16      When the officer first stopped the vehicle, he ordered the driver out of the car and permitted the passengers to remain inside.  Ten minutes later, after the officer had finished giving the driver field sobriety tests and gotten his permission to search the vehicle, the officer reapproached the vehicle, ordering the driver’s-side rear passenger out and permitting the other passengers to remain.  Another ten minutes elapsed while the officer dealt with that passenger.  The officer then returned to the vehicle and requested that Mohr get out of it.  The frisk was begun after another five minutes passed.  Apparently, the officer was not concerned for his safety when he initially made the traffic stop because he did not order the passengers out of the vehicle.  Nor was he concerned about his safety when he left the vehicle and its passengers unattended while spending twenty minutes with the driver and the minor.  Although Mohr appeared nervous, was resistive and refused to remove his hands from his pockets, these circumstances did not give the officer a reasonable suspicion that Mohr was dangerous, especially when the officer had spent the previous twenty minutes at the scene without any suspicious incidents.  Additionally, it is clear that backup units were on the scene, which obviated the officer’s need to frisk Mohr before the vehicle search could proceed.  We cannot agree that a reasonably prudent person in the officer’s position would believe that his or her safety was in danger.[2]
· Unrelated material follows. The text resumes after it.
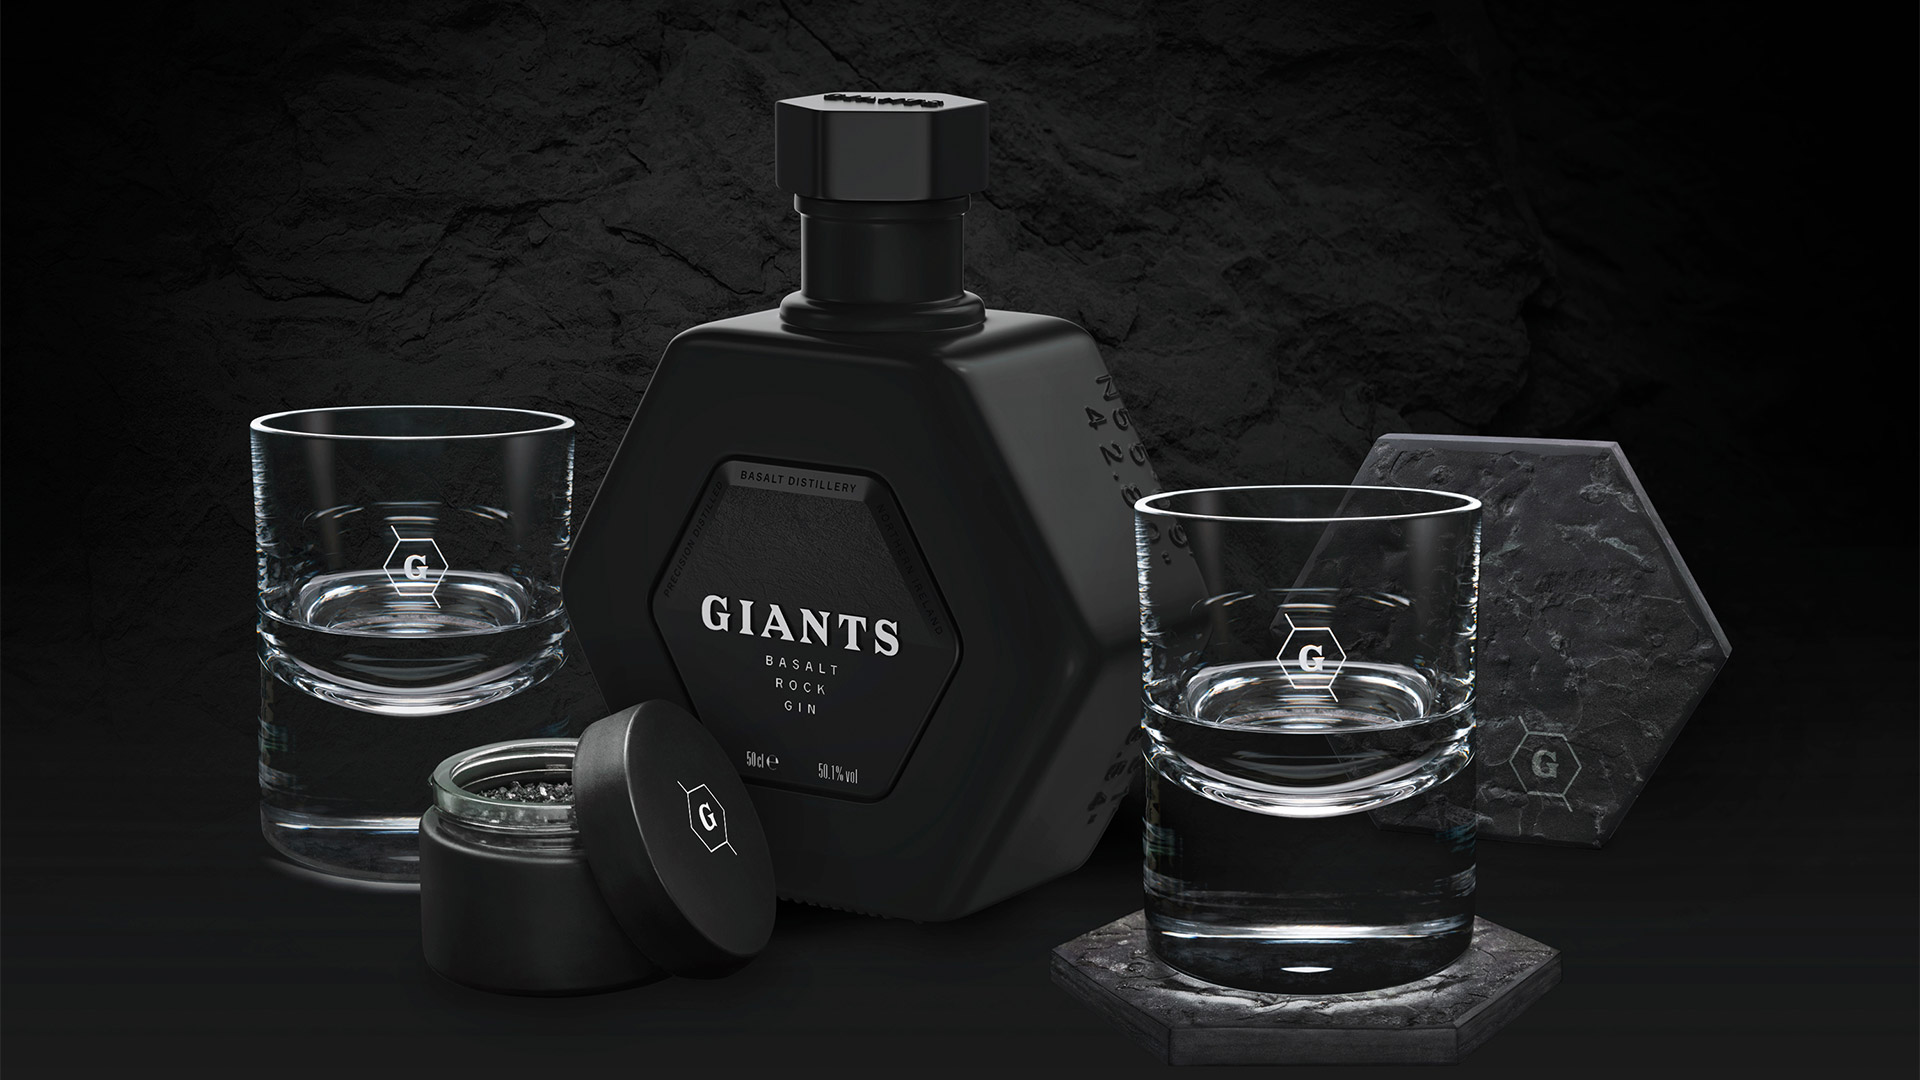 Giants Basalt Rock Gin Gift Set Products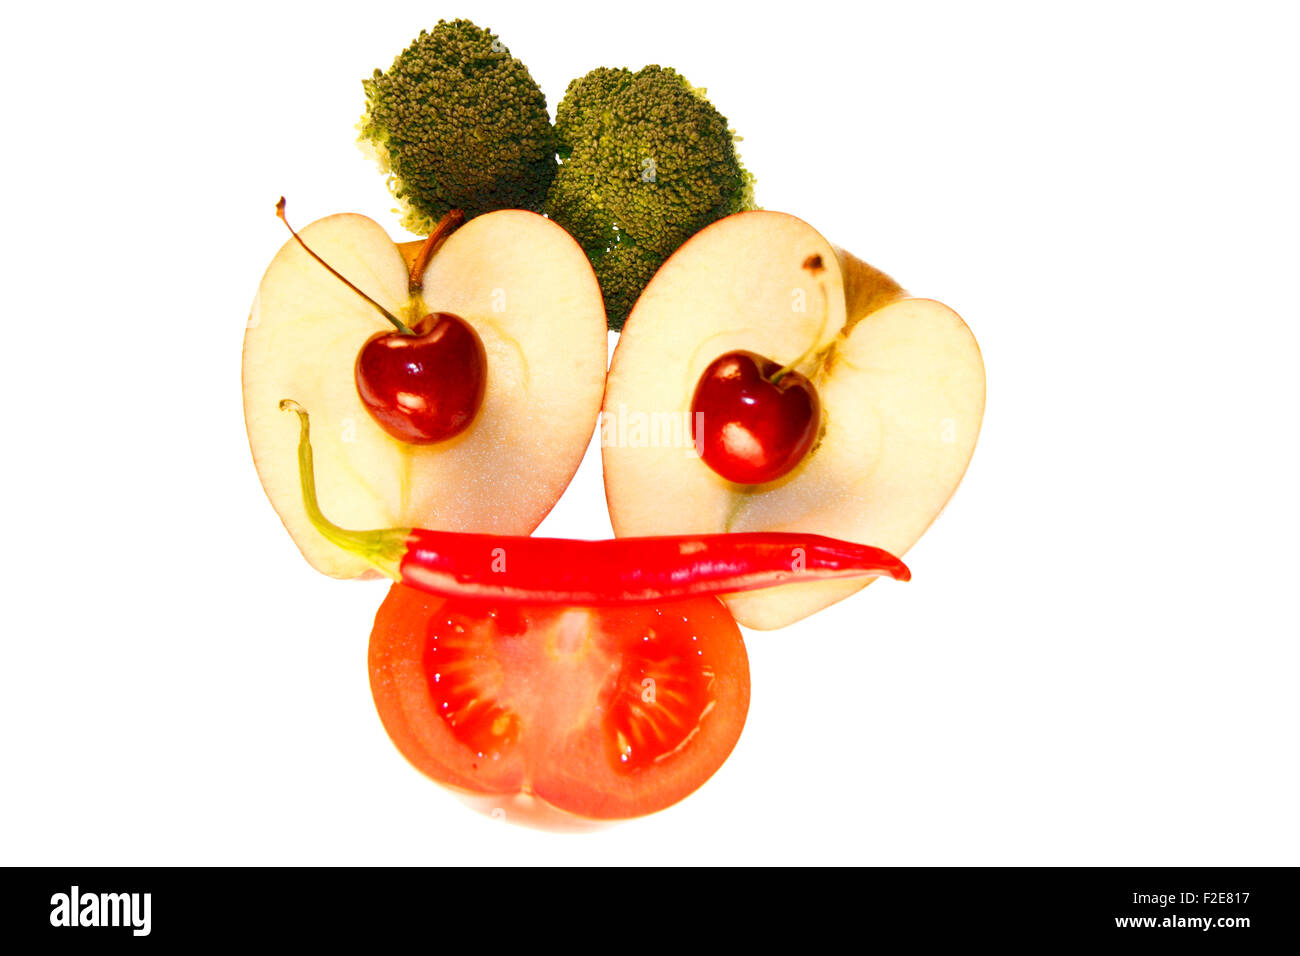 On / Gesicht: Kirschen, Apfel, Tomate, Brokkoli, Chilly - Symbolbild Nahrungsmittel. Stockfoto

17      We also consider noteworthy the fact that the stop and frisk of Mohr occurred during a vehicle search consented to by the driver after he had been given an oral warning for minor traffic violations.  Although the consensual search is not at issue here, we observe, as have other appellate courts, that an increasing number of appeals present situations in which police officers routinely ask permission to do drug and weapon searches of motor vehicles following stops for minor traffic infractions.  See, e.g., Whitehead v. State, 698 A.2d 1115, 1116-17 (Md. Ct. Spec. App. 1997); United States v. Lattimore, 87 F.3d 647, 649 (4th Cir. 1996) (testifying at a suppression hearing, police officer admits that he searches ninety-seven percent of the vehicles he stops).  It is reasonable for an officer to ask a vehicle’s passengers to step out of the car to facilitate the search.  See Maryland, 519 U.S. at 415.  However, a frisk is a more serious intrusion of a person’s liberty than being asked to step out of a vehicle during a traffic stop.  “Few citizens would find it acceptable to be frisked at a traffic stop for a minor traffic violation because the driver consented to a search of the car.”  United States v. Hale, 934 F. Supp. 427, 430 (N.D. Ga. 1996).

Conclusion

18      We conclude that the frisk of Mohr was unlawful because the officer lacked reasonable, articulable facts to prove that he believed him to be dangerous.  It follows that the drug evidence seized during the unlawful frisk must be suppressed.  See State v. Phillips, 218 Wis. 2d 180, 204-05, 577 N.W.2d 794 (1998).  Mohr’s suppression motion should have been granted.  That being the case, there is no evidence to support Mohr’s conviction for marijuana possession, and, accordingly, we reverse his conviction.

By the Court.—Judgment reversed.

 

 


 

 

 



[1]  All references to the Wisconsin Statutes are to the 1997-98 version unless otherwise noted.

[2]  The State makes numerous arguments contending that the stop was lawful.  We do not address these arguments because we resolve this appeal on the frisk issue.  See Sweet v. Berge, 113 Wis. 2d 61, 67, 334 N.W.2d 559 (Ct. App. 1983) (if resolution of one issue is dispositive, this court need address other issues raised).